REPAGINADO Um André afável, emotivo e democrático, consultando a comunidade e gentil com seus colaboradores, no lugar do homem autoritário e nervoso. Foi o que se viu no evento ocorrido no Clube Estoril. Nasce o “Andrézinho Paz e Amor”.

BOLA CHEIA A plateia do Estoril aplaudiu as referências elogiosas de André ao senador Figueiró que se sentiu extremamente prestigiado. André lembrou que o Senado fez bem ao “formiguinha”, tido como senador muito competente.

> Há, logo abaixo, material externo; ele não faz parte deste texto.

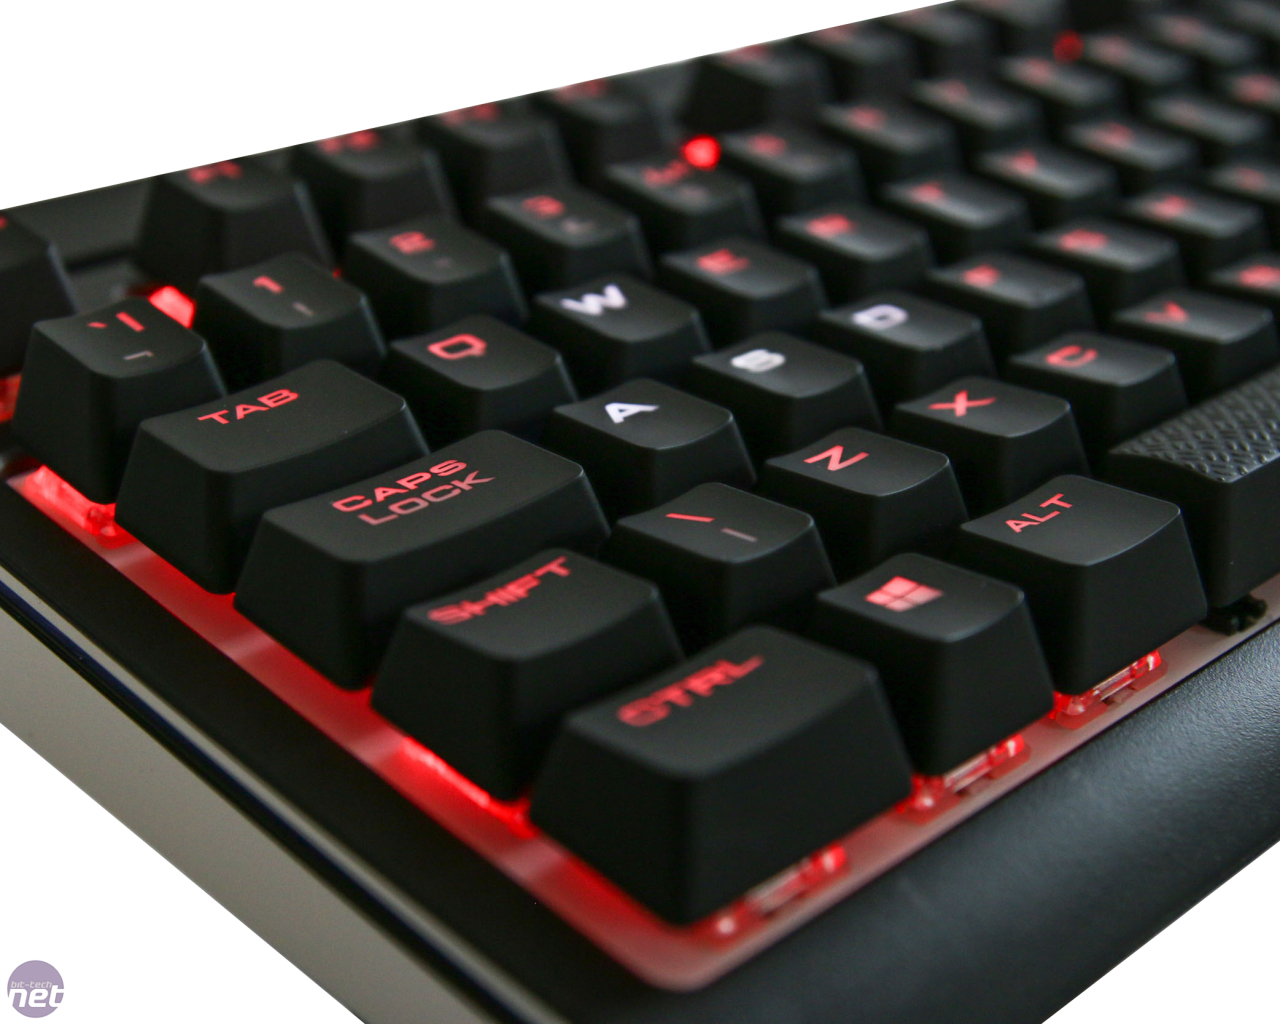 Corsair Strafe Rgb Mx Silent Review Gaming Cherry Brown

DETALHES Bernal, a bancada do PT (estadual/federal) e Azambuja não participaram do evento. Na sua fala André só lamentou a ausência dos petistas e de Delcídio. Não fez qualquer referência ao prefeito e ao deputado tucano. Passou batido.

VIRADA A equipe de marketing do governador acha que a partir de agora haverá uma mudança radical na rejeição política de André, colocando-o novamente no jogo eleitoral de modo decisivo. Mas seu discurso é de quem vai para casa cuidar dos netos.

ANTONIO H. MORAES: ‘Cap’ do G. Votorantin (86 empresas), aos 85 anos fora de ação sofrendo de hidrocefalia e Mal de Alzhhemeir. O sociólogo José Pastore lançou um livro sobre o empresário: ‘Memórias de um diário confidencial’. Leia.
LIÇÕES Na diretoria da B. Portuguesa sabia até quantos quilos de roupas eram lavadas. Construía escolas à pedido de políticos por 1/3 do valor orçado pelo poder público. Simples, avesso a promoção pessoal, não usava seguranças.

O ERRO Na obra citada consta a confissão da única desobediência ao conselho de seu pai - senador entre 1963/70 por Pernambuco: “Nunca entre na política”. Em 1986 perdeu para Quércia e aí a vida pública perdeu um grande brasileiro. Foi pena.

CACIFE Ao lançar o pacote de obras do ‘MS Forte’ André reforça as candidaturas do PMDB para 2014. Caberá agora aos protagonistas (Nelsinho-Simone) a competência e habilidade para costurar apoios e viabilizar o sucesso do projeto político.

CENÁRIO Há pressão para André tentar o Senado. Com ele na chapa o partido se fortalece em termos de chapa majoritária. Agora quanto as relações com o Azambuja aumentou o distanciamento por razões notórias. Um caminho sem volta.

DELCÍDIO Atua em duas frentes: Luta para apaziguar os ânimos dentro do PT e fica atento aos movimentos no PMDB e PSDB para se aproveitar de rachas e atrair os dissidentes. Tem evitado críticas ácidas, mas não deixa de marca sua posição.

RESUMO Sem outro nome de peso, os ex-radicais ( plantavam dificuldades para colher vantagens) ex-críticos de Delcídio, hoje o defendem. Lembra da fala crítica de Zeca e Kemp sobre Delcídio? Pois é! Só o timbre de voz de ambos não mudou.

BERNAL Neste ritmo pode perder bem mais que os cabelos. Incrível a capacidade de fazer inimigos políticos. Sua habilidade gerencial é a antítese da atuação como locutor. A administração pública deve ter aquela aparência da ‘mulher de Cesar’.

VENDO Tassio Jeressaiti no seu shopping local lembrei: Em 2012 o PSDB só elegeu 8 prefeitos no Ceará. O ex-governador (3 vezes) e ex- senador, diz ter encerrado a carreira para cuidar dos negócios e netos. A exemplo de André, conseguirá?

A LIÇÃO Neste mundo egoísta em que se vive, nunca é demais ressaltar o gesto do Antonio Moraes em sua cruzada contra o câncer. Isso inclusive coloca os ex-dirigentes do Hospital do Câncer em situação difícil junto a opinião pública. Certo?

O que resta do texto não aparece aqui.